▶ _DATA FOR PROCESSING_:
# # #
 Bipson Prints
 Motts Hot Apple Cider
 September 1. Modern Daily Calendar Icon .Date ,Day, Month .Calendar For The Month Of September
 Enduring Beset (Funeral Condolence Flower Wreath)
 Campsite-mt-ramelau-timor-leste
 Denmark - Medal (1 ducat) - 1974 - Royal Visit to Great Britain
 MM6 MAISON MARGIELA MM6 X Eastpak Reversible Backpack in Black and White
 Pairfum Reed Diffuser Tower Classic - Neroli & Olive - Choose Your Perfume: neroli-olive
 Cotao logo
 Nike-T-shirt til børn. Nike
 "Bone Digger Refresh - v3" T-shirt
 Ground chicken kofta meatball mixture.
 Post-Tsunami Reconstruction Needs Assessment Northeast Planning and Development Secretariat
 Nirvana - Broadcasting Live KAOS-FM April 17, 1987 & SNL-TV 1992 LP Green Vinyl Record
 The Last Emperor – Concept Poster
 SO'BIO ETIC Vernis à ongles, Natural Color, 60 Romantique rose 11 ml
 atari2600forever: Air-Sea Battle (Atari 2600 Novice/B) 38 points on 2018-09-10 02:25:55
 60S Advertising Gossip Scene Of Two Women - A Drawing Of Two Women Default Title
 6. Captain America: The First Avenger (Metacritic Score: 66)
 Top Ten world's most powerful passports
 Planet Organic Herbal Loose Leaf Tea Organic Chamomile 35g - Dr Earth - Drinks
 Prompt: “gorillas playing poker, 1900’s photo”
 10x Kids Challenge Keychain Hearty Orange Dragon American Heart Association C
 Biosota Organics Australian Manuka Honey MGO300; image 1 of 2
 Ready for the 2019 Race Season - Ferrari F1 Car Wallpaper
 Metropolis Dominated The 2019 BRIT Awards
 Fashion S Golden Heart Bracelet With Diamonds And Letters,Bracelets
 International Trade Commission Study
# # #
▶ _GOAL OF THE EXERCISE_: Looking at the data above, how many lines hold the string "Heart"? Reply with only the number.

▶ _TASK OUTPUT_: 2